DENİZLİ’NİN KRİTİK KONUMU
Türkiye’nin genelinde deprem tehlikesinin her zaman mevcut olduğunu hatırlatan Pampal, Denizli’nin Büyük Menderes ve Gediz Grabenleri üzerinde yer almasının bu tehlikeyi daha da artırdığını söyledi. “Denizli, ülkenin en kritik deprem bölgelerinden biri. Ancak bu risk yeterince konuşulmuyor. Pamukkale Fayı kırıldığında 7 ve üzeri büyüklükte bir deprem kaçınılmaz olacaktır” diye ekledi.
HAZIRLIK VE FARKINDALIK ÇAĞRISI
6 Şubat 2023’te yaşanan büyük depremlerin ardından İstanbul ve çevresinde yoğun çalışmalar yapıldığını, ancak Denizli gibi yüksek riskli bölgelerin ihmal edildiğini ifade eden Pampal, depremle yaşamanın kaçınılmaz olduğunu ancak doğru tedbirlerle can ve mal kaybının en aza indirilebileceğini vurguladı.
"BÜYÜK DEPREM BEKLENMİYOR"
Jeoloji Mühendisi Murat Öztürk ise art arda yaşanan orta şiddetli depremlerin enerji boşalmasından kaynaklandığını belirterek, “Denizli’de şu anda büyük bir depremin olması beklenmemektedir” dedi.
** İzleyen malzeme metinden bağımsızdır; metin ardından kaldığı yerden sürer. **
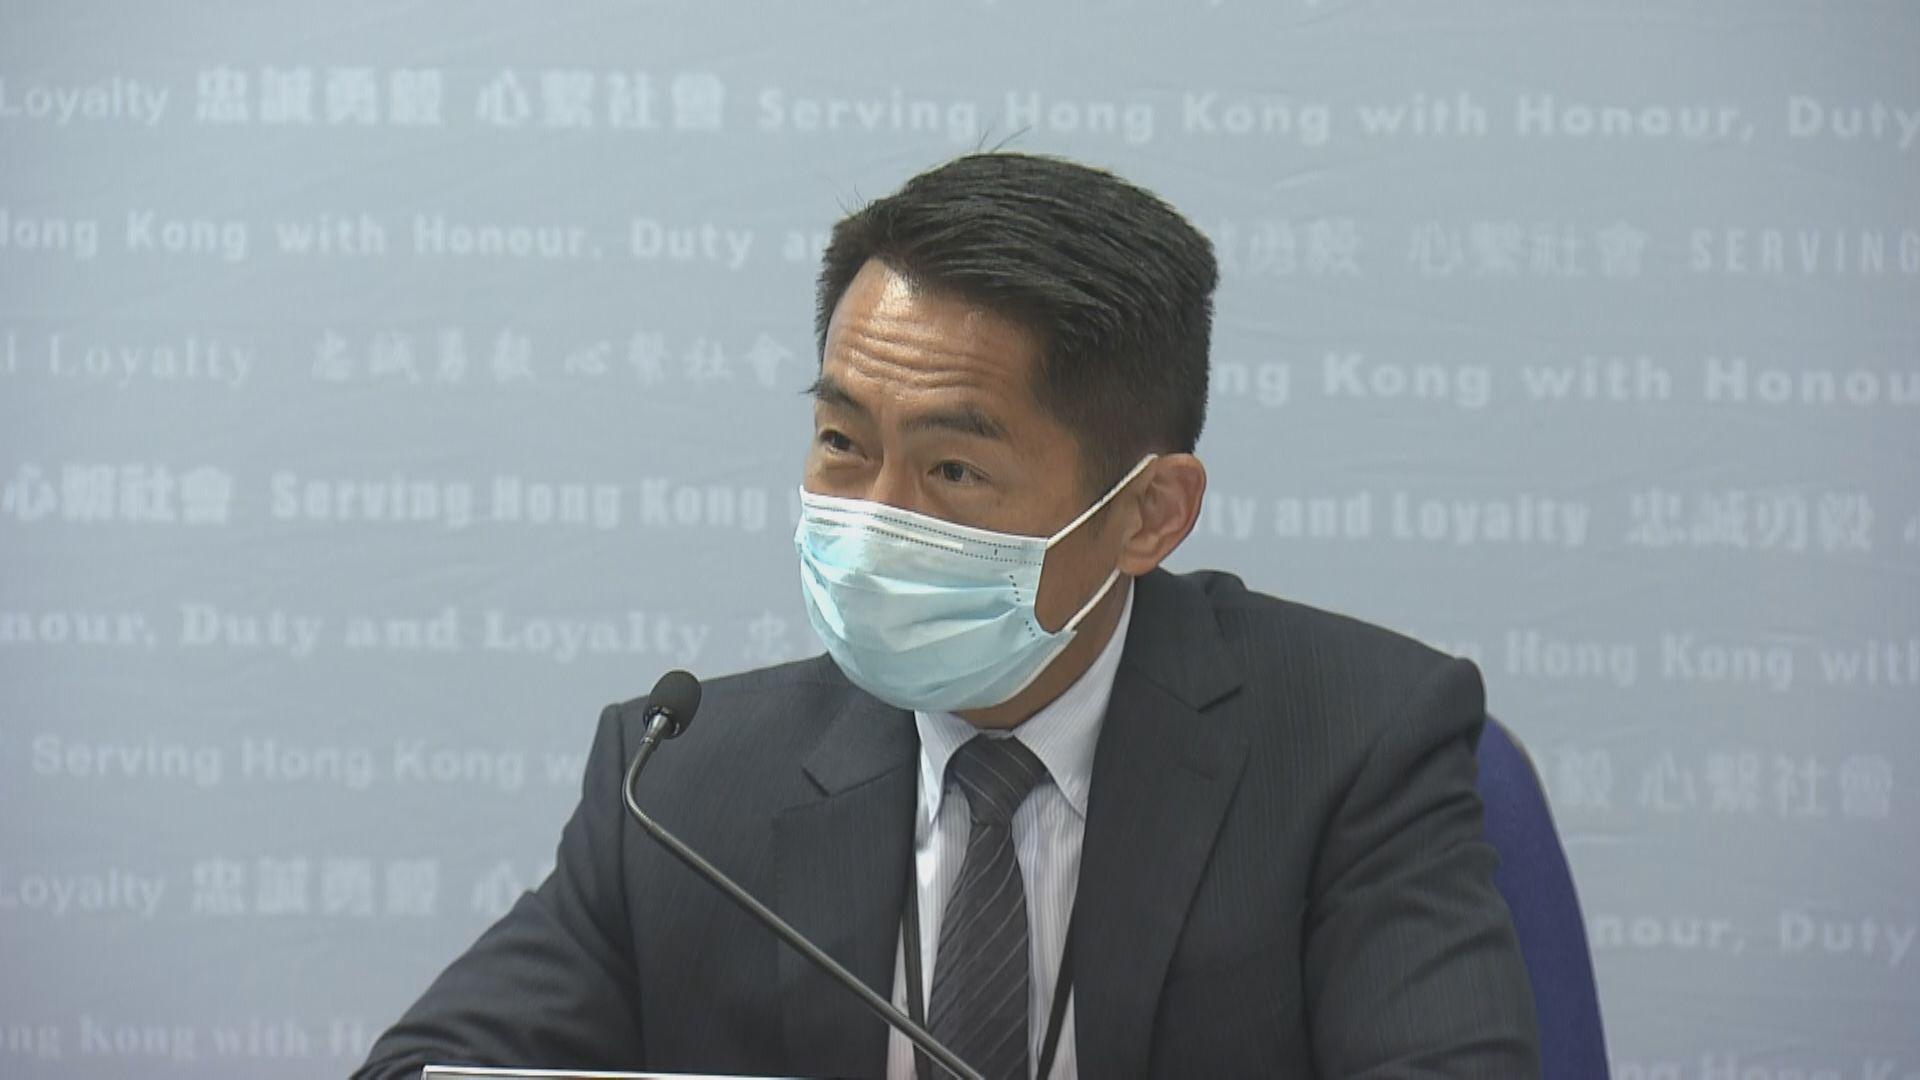 警拘15人涉操控壹傳媒股價 一人有黑社會背景

Öztürk, bölgedeki fay hatlarının 3 ila 5 büyüklüğünde depremler üretebileceğini ifade ederek, bu tür küçük ölçekli depremlerin enerji boşalması açısından faydalı olduğunu dile getirdi.
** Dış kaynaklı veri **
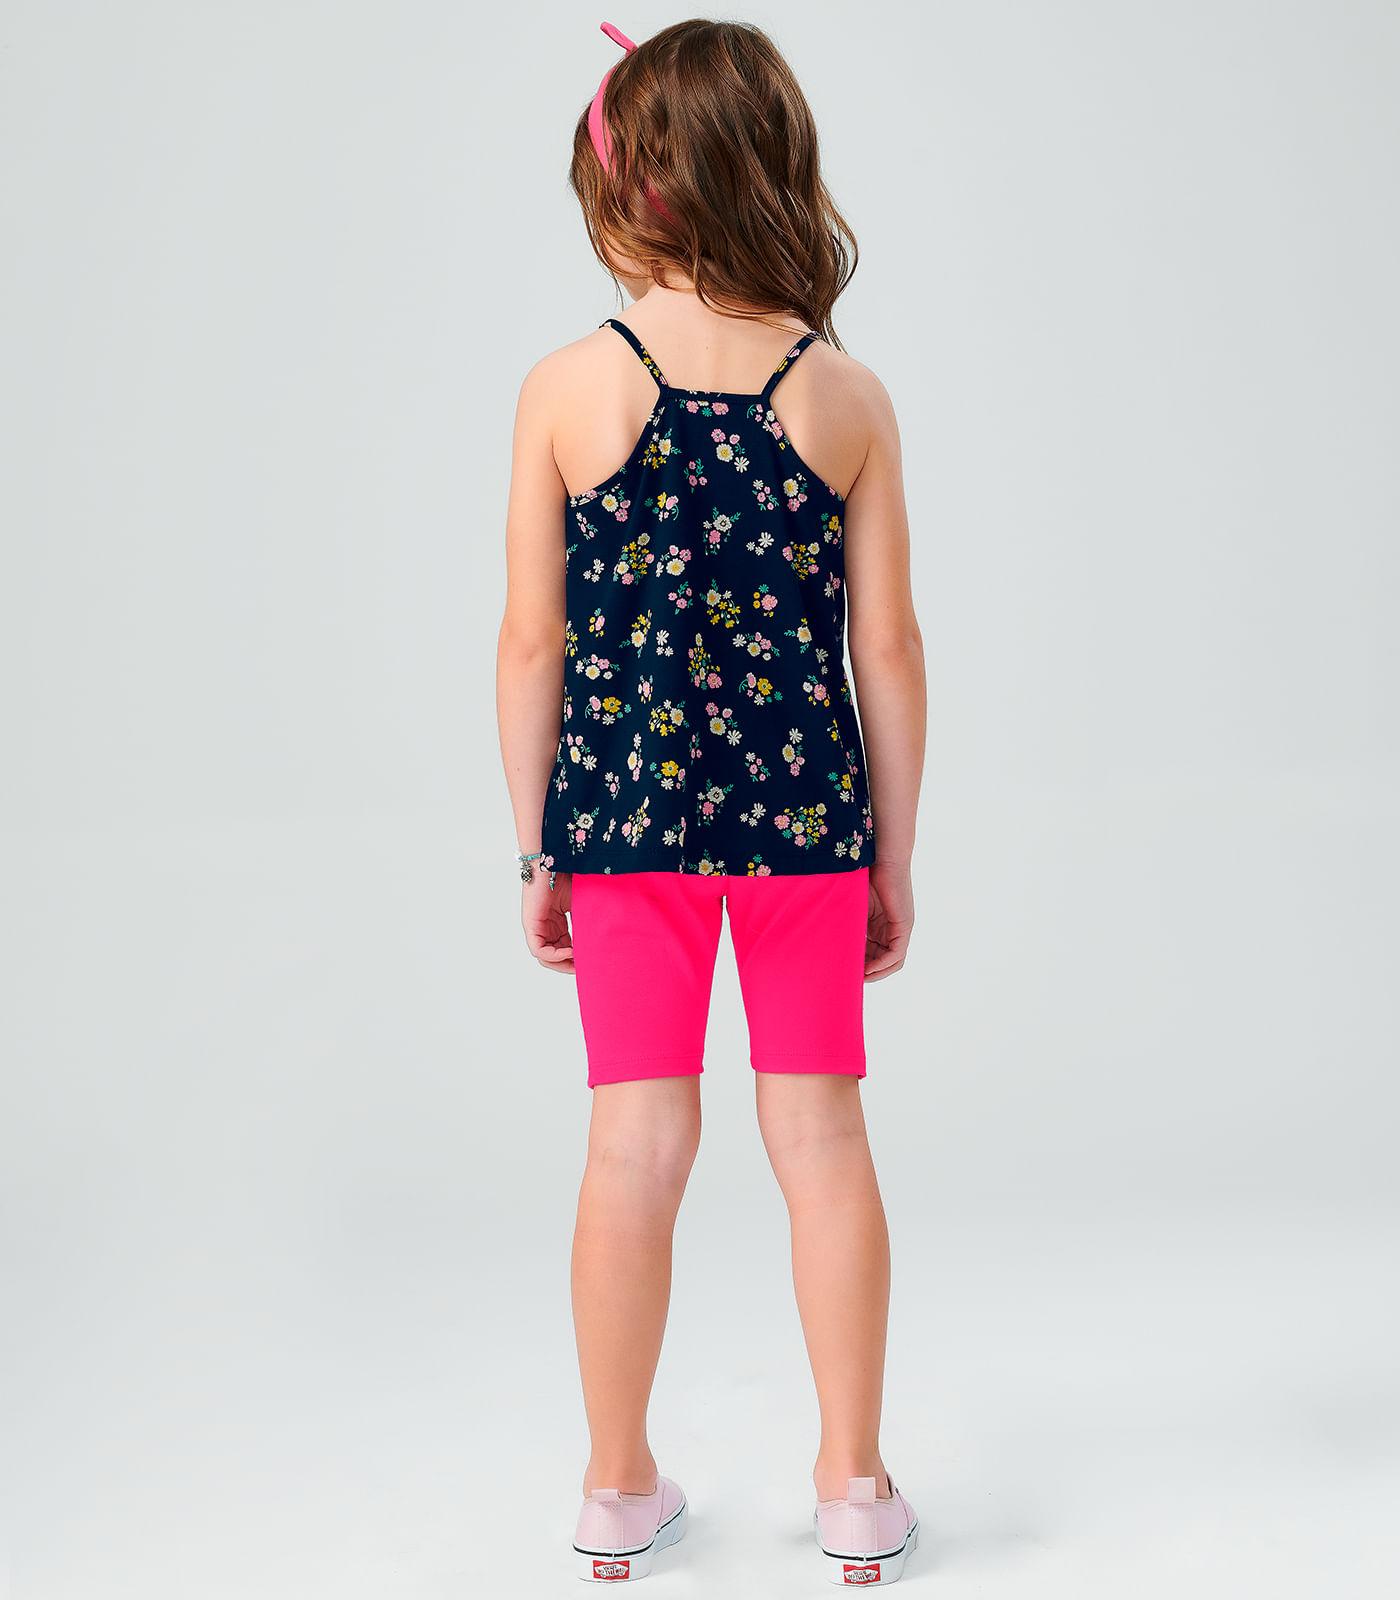 Conjunto-Feminino-Flowers-Rovitex-Kids-Azul

2019 yılında Acıpayam’da meydana gelen 5.5 büyüklüğündeki depremin ardından bölgede orta ölçekli bir sarsıntı yaşanmadığını hatırlatan Öztürk, “Denizli birinci derece deprem kuşağında yer alıyor. Ancak Buldan ve Baklan fayları gibi hatlar birbirine doğrudan etki yapmaz. Bu nedenle ciddi bir sıkıntı doğurması beklenmiyor” diye konuştu.
Denizli’nin deprem gerçeğiyle daha iyi başa çıkabilmesi için dayanıklı yapılaşma ve farkındalık çalışmalarının hızla hayata geçirilmesi gerektiği konusunda uzmanlar hemfikir.